In the Gold layer, the ASSETS table is the core table that lists all assets and important attributes. However, the Gold layer also contains complementary views that contain details for specific asset types. For example, the RELATIONAL_ASSET_DETAILS view contains domain-specific details for relational assets in Atlan, such as the list of columns for a table, so you'll need to join the ASSETS table with the RELATIONAL_ASSET_DETAILS as part of your query.

This section outlines common relationships and joins that may be helpful.

GUID as the universal key

Every asset has a unique GUID. This is your primary key for joining tables.

Tag use cases

For tag-based use cases (for example, find all assets with specific tags, analyze tag coverage, compliance reporting), join ASSETS with the TAGS view using ASSETS.GUID = TAGS.ASSET_GUID as the join condition.

Custom metadata use cases

For custom metadata use cases (for example, find assets with specific custom attributes you have defined in Atlan), join ASSETS with the CUSTOM_METADATA view using ASSETS.GUID = CUSTOM_METADATA.ASSET_GUID as the join condition.

README use cases

To get the full readme text for an asset (helpful in queries that search documentation or find undocumented assets, or general knowledge base queries), join ASSETS with the README view using ASSETS.README_GUID = README.GUID as the join condition.

Lineage use cases

The Gold layer has a LINEAGE table that enables simple impact analysis, root cause analysis, data flow visualization, and change management. Every row in the LINEAGE table has a START_GUID column that describes the starting point for lineage, and a RELATED_GUID column that describes the adjacent related asset.

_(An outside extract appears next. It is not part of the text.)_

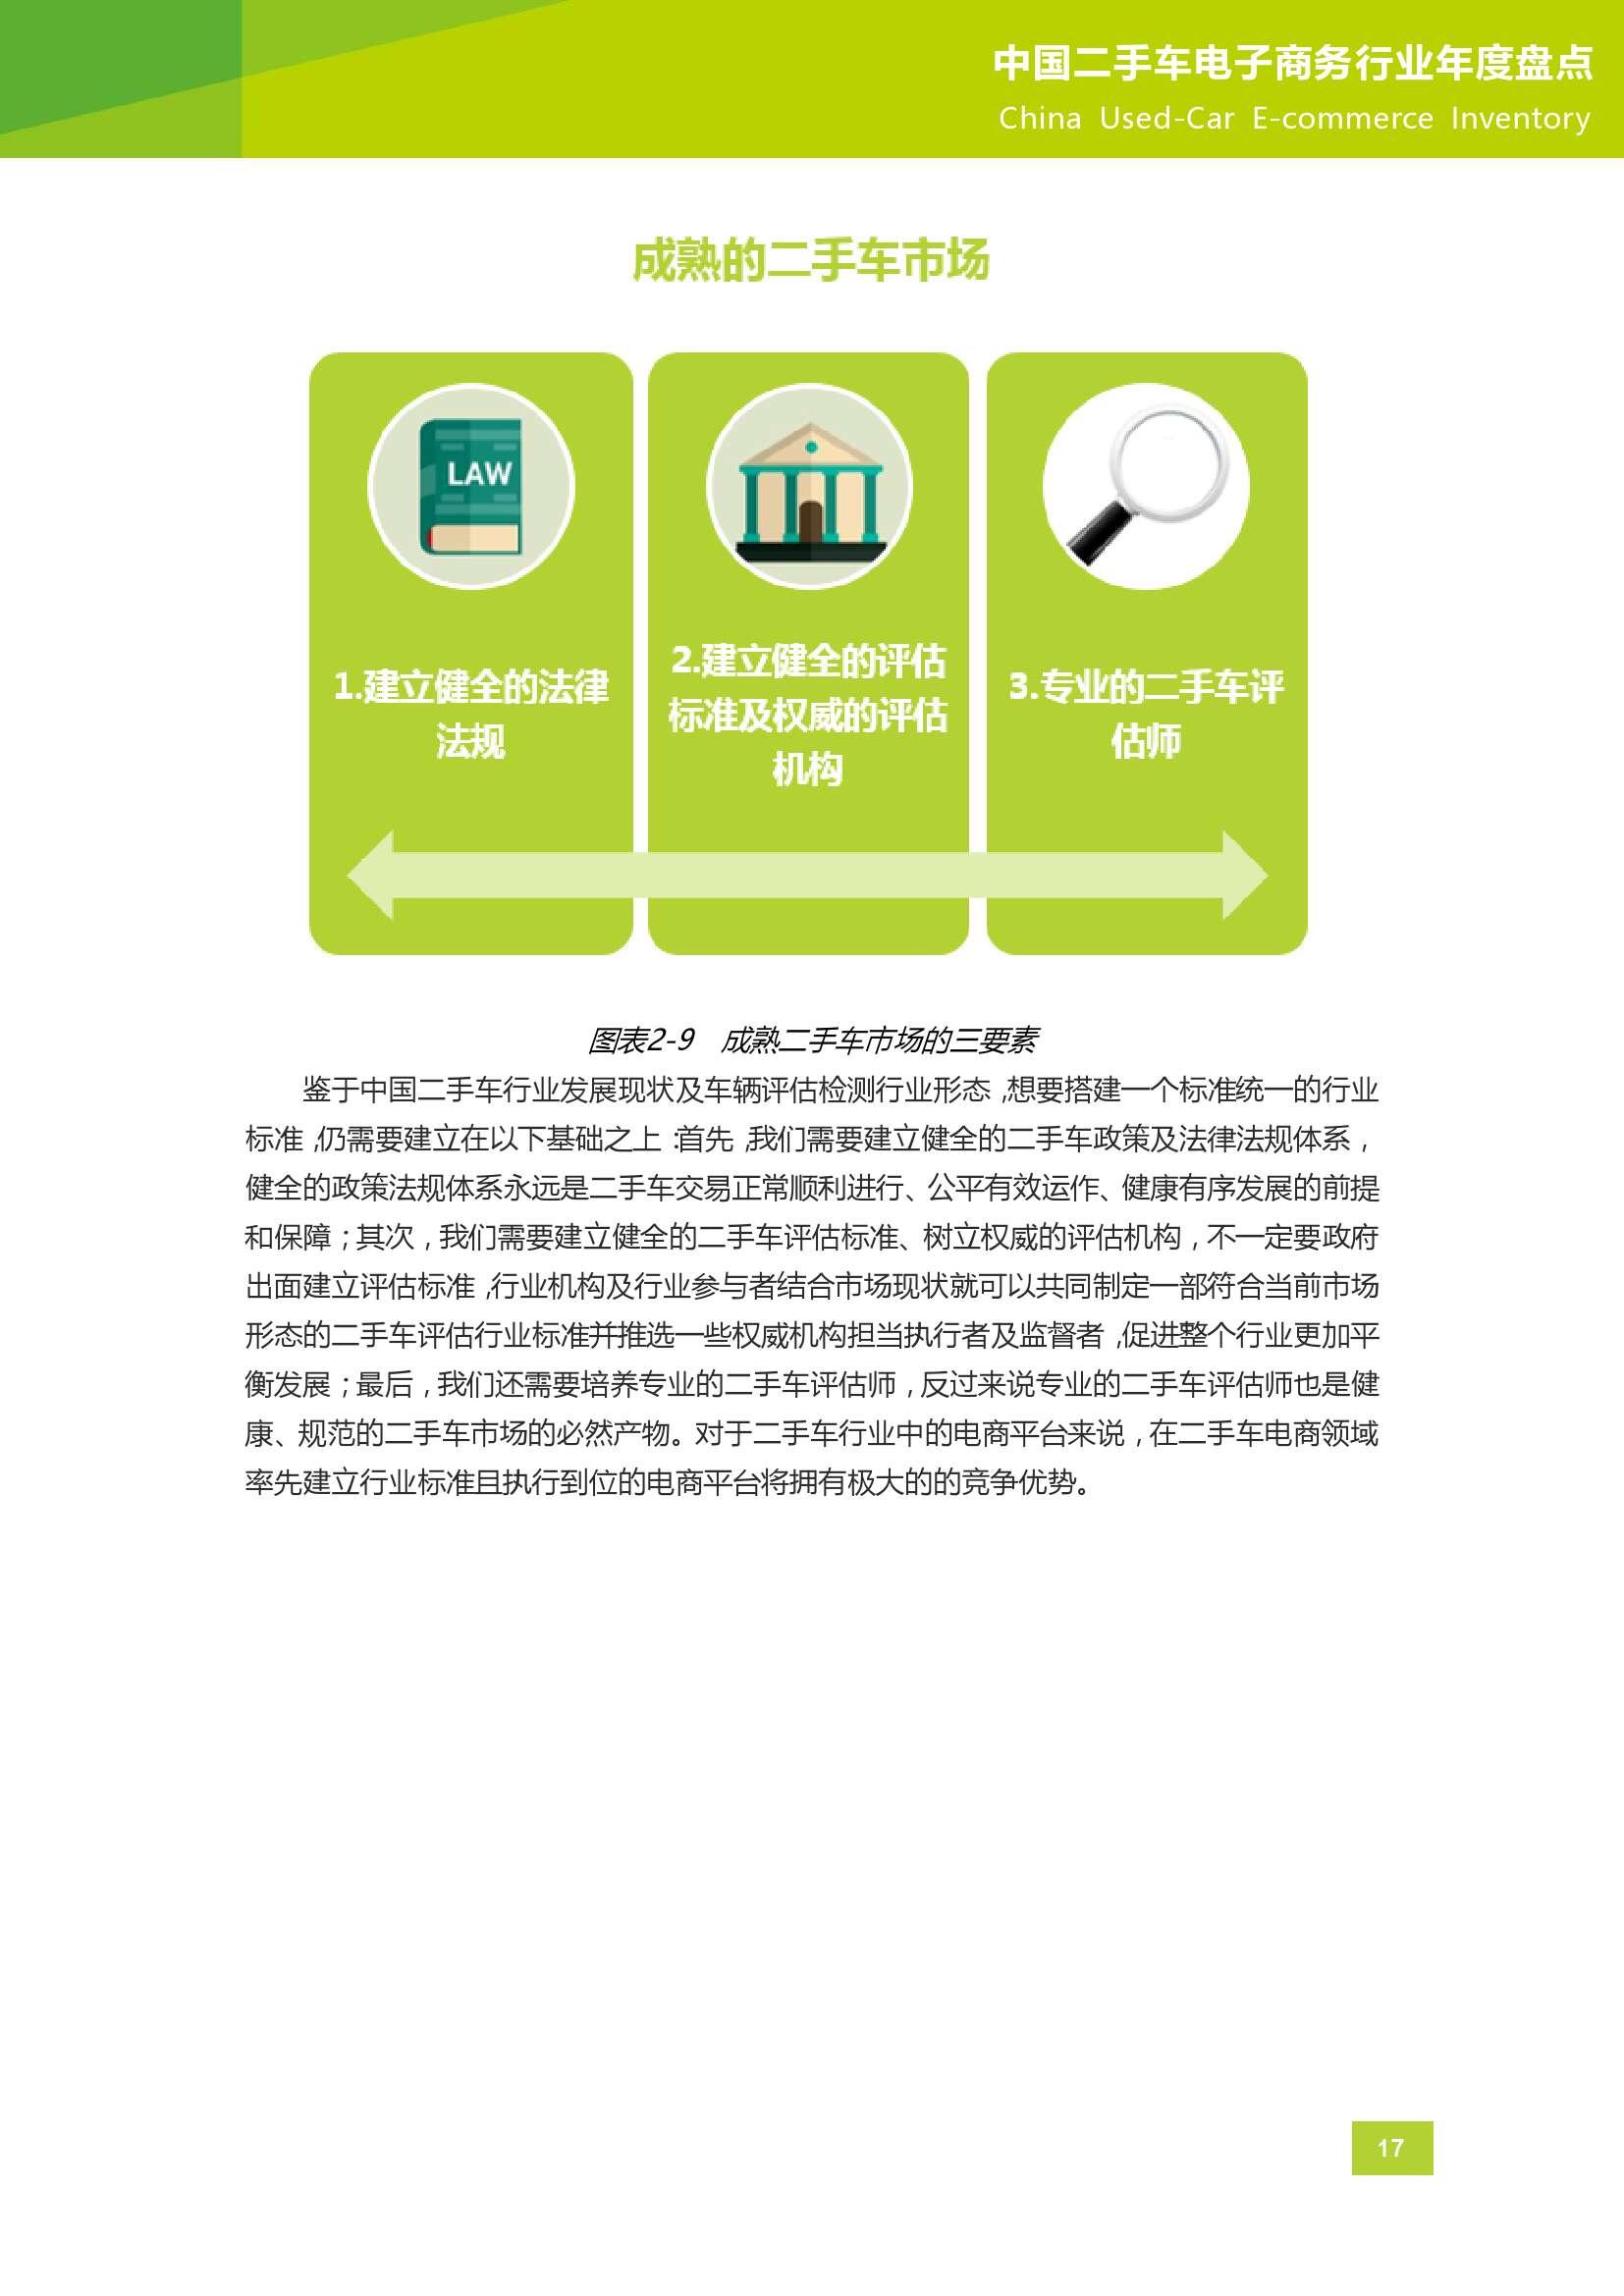 2015年中国二手车电子商务行业年度盘点_000018

Use ASSETS.GUID = LINEAGE.START_GUID to get details about the starting asset, and LINEAGE.RELATED_GUID = ASSETS.GUID to get related asset details.

Glossary use cases

The GLOSSARY_DETAILS view contains details about glossaries, categories, and terms in Atlan. To find which terms are on an asset, join ASSETS with GLOSSARY_DETAILS using ASSETS.TERM_GUIDS contains GLOSSARY_DETAILS.GUID.

To understand term adoption analysis, finding assets by business term, and build glossary coverage reports, join GLOSSARY_DETAILS with ASSETS using GLOSSARY_DETAILS.ASSIGNED_ENTITIES contains ASSETS.GUID.

GLOSSARY_DETAILS also has an ANCHOR_GUID column that describes the glossary that the term or category belongs to, so you can understand glossary structure or hierarchy (for example, link a term or category to its parent glossary) or find all terms in a glossary by doing a self-join on GLOSSARY_DETAILS using GLOSSARY_DETAILS.ANCHOR_GUID = GLOSSARY_DETAILS.GUID.

Exploring relational asset hierarchy

The RELATIONAL_ASSET_DETAILS view contains details about all relational assets registered in Atlan, including databases, schemas, tables, and columns. Details also include structural information about each asset that can be used to explore schemas and database inventory, such as DATABASE_SCHEMAS (GUIDs for schemas in a database) and TABLE_COLUMNS (GUIDs for columns in a table).

Understanding pipelines and data sources/outputs

You can use the PIPELINE_DETAILS view to understand pipeline dependency analysis, map ETL/ELT flows, and track transformations. Each row in PIPELINE_DETAILS has INPUT_GUIDS_TO_PROCESSES and OUTPUT_GUIDS_TO_PROCESSES columns that are arrays of input/output assets to each process, that you can then flatten and join with ASSETS for further analysis.

Data quality use cases

To monitor data quality checks, track failed checks, and build asset quality reports, join the DATA_QUALITY_DETAILS view with ASSETS using DATA_QUALITY_DETAILS.GUID = ASSETS.GUID as the join key.